Тернавцев отметил нарастание глубокого духовного кризиса в стране, связанного с тем, что идеи секулярного прогрессизма 60–х годов зашли в тупик. «Творческая энергия их исчерпана; действительные же плоды не отвечают ни вечным запросам совести, ни решительным требованиям текущей жизни»[8]
. Далее Тернавцев указывал, что возрождение страны должно совершаться «на религиозной почве». Поэтому огромная ответственность ложится на деятелей Церкви. Готовы ли они сегодня к такому делу? Для докладчика это было в высшей степени сомнительно, поскольку, по его словам, «проповедники Русской Церкви наставлены в вере в большинстве односторонне, часто ложно воодушевлены, мало знают и еще меньше понимают всю значительность мистической и пророчественной стороны христианства. Но самое главное, они в христианстве видят один только загробный идеал, оставляя земную сторону жизни, весь круг общественных отношений пустым, без воплощения истины. Эта односторонность и мешает им стать “ловцами человеков” наших дней»[9].По мысли докладчика, раскрытие потенций, заложенных в Церкви, будет полнее, если она будет действовать в союзе с интеллигенцией России. Интеллигенция активна, жертвенна, стремится служить на–роду. А между тем она явно противостоит Церкви. Люди, которые смело критикуют власть имущих, которые всегда боролись против несправедливости, которые стремятся к преобразованию жизни на лучших началах, не смогут понять Церкви, если она по–прежнему будет замкнута в себе, останется равнодушной к проблемам культурным, гражданским, социально–нравственным. Задача Церкви — повернуться лицом к миру, открыть ему свои сокровища, спрятанные под спудом. «Если она осознает и примет эту задачу и решение ее возведет в степень своего религиозного долга, — она, теперь подавленная и бессильная, тогда явится центром неудержимых нравственных притяжений во главе всех идейных сил страны. Тогда только она окажется верною и по отношению к своей собственной внутренней сущности»[10]
.Иначе говоря, Тернавцев не призывал русское христианство «приспособиться» к веяниям века, а настаивал на том, что творческое воздействие Церкви на мир, ее открытость есть реализация ее же подлинной универсальной природы. «Для всего христи–анства, — сказал он, заключая доклад, — наступает пора не только словом в учении, но и делом показать, что в Церкви заключается не один загробный идеал»[11]

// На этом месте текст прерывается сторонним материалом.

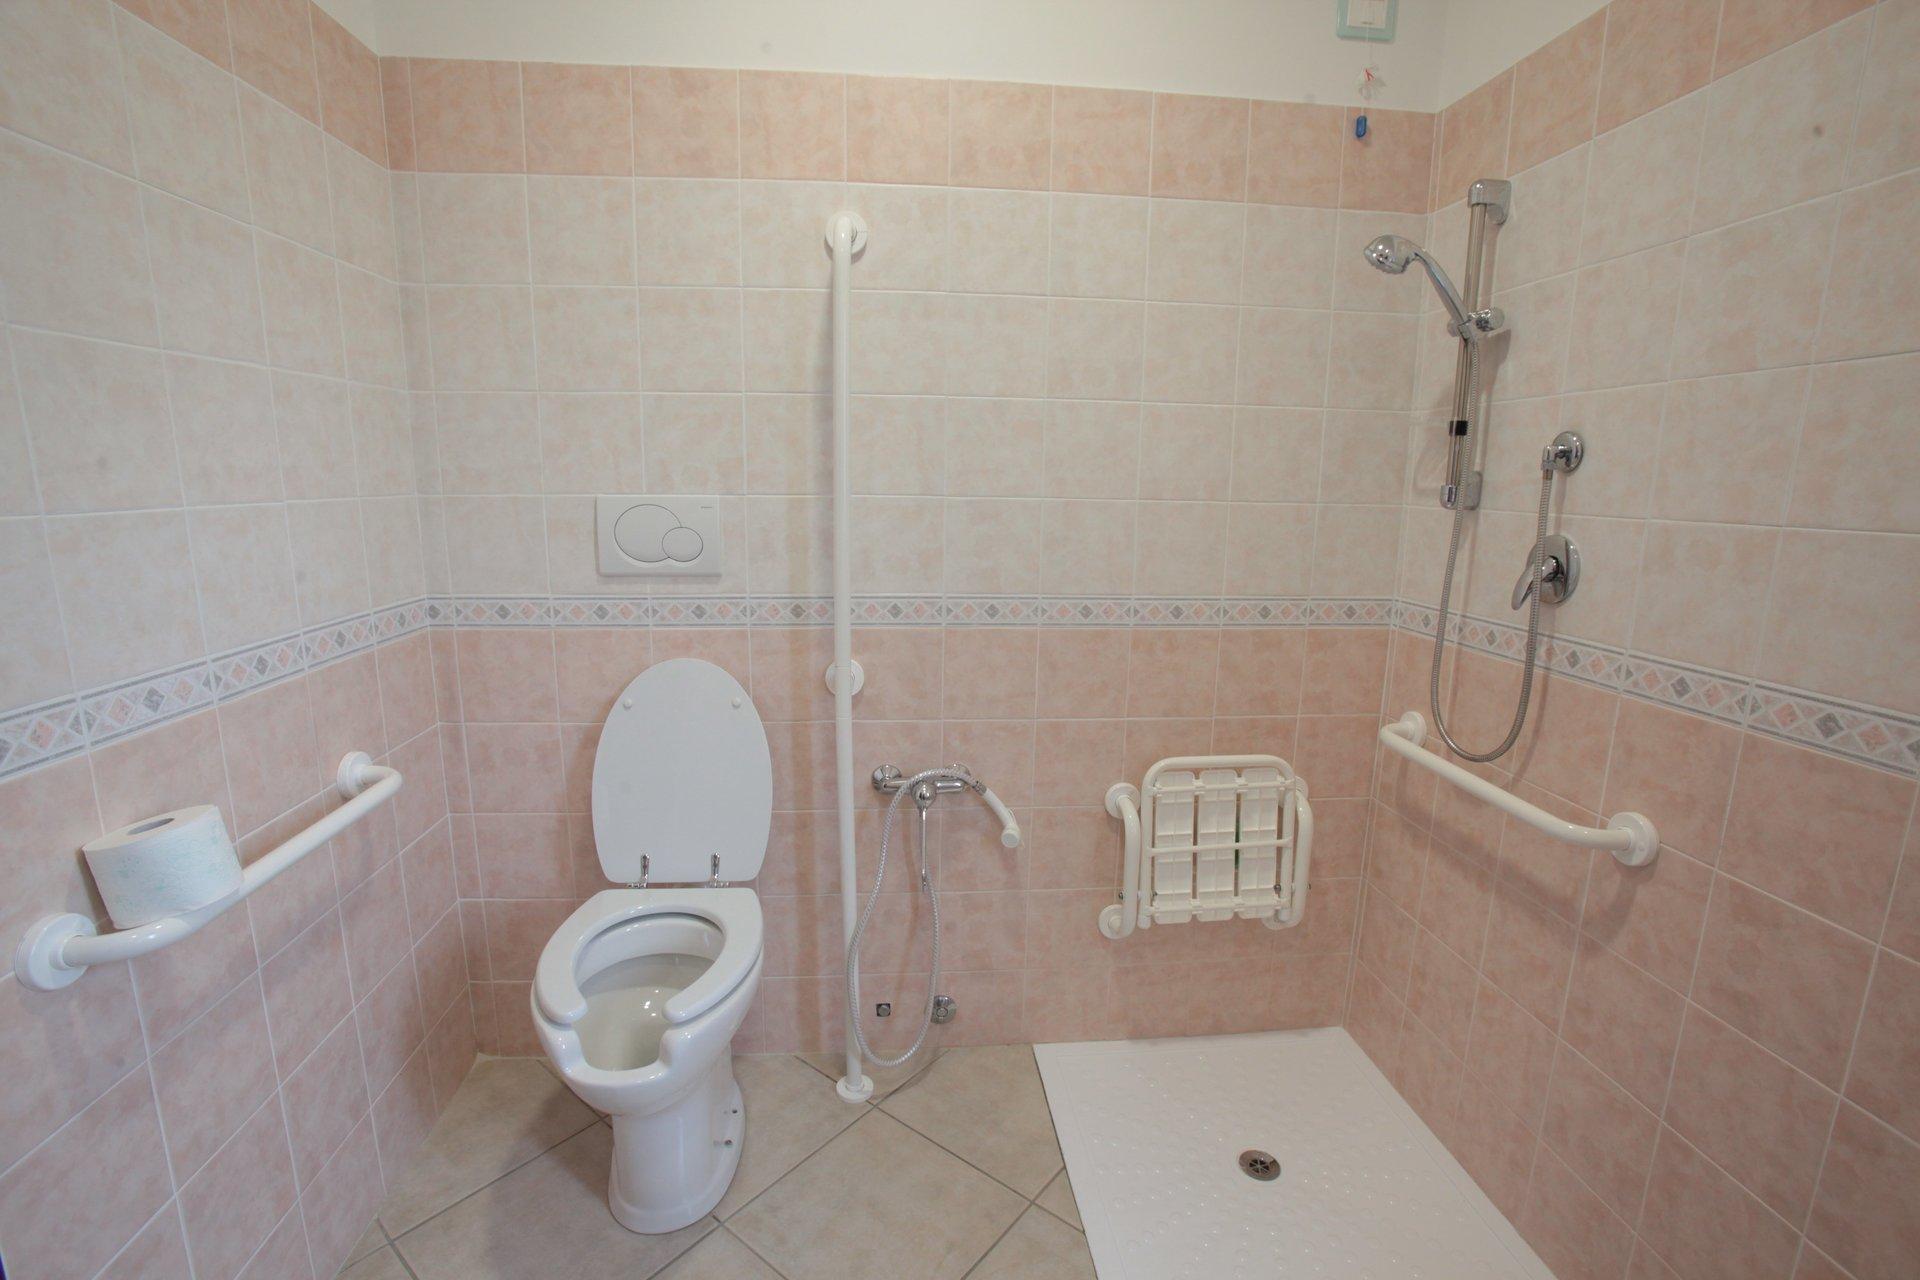 camere da letto singole o doppie | velletri, rm | villa annalisa - Arredo Bagno Velletri

.После доклада начались прения, которые, к сожалению, во многом были сведены к частным вопросам: что такое интеллигенция, какова роль духовенства в жизни народа, верно ли Тернавцев отразил положение в русской богословской науке? Наиболее принципиальной была краткая реплика епископа Сергия. Он отметил, что, возвещая о небесном, Церковь уже тем самым преобразует жизнь земную, что она не должна ставить во главу угла своего служения вопросы социальные. В частности, епископ привел исторический пример: «Церковь, — сказал он, — прямо не восставала против рабства, но проповедовала истину небесного идеала и высшего достоинства человека. Этим, а не чем‑либо иным она постепенно достигла отмены рабства»[12]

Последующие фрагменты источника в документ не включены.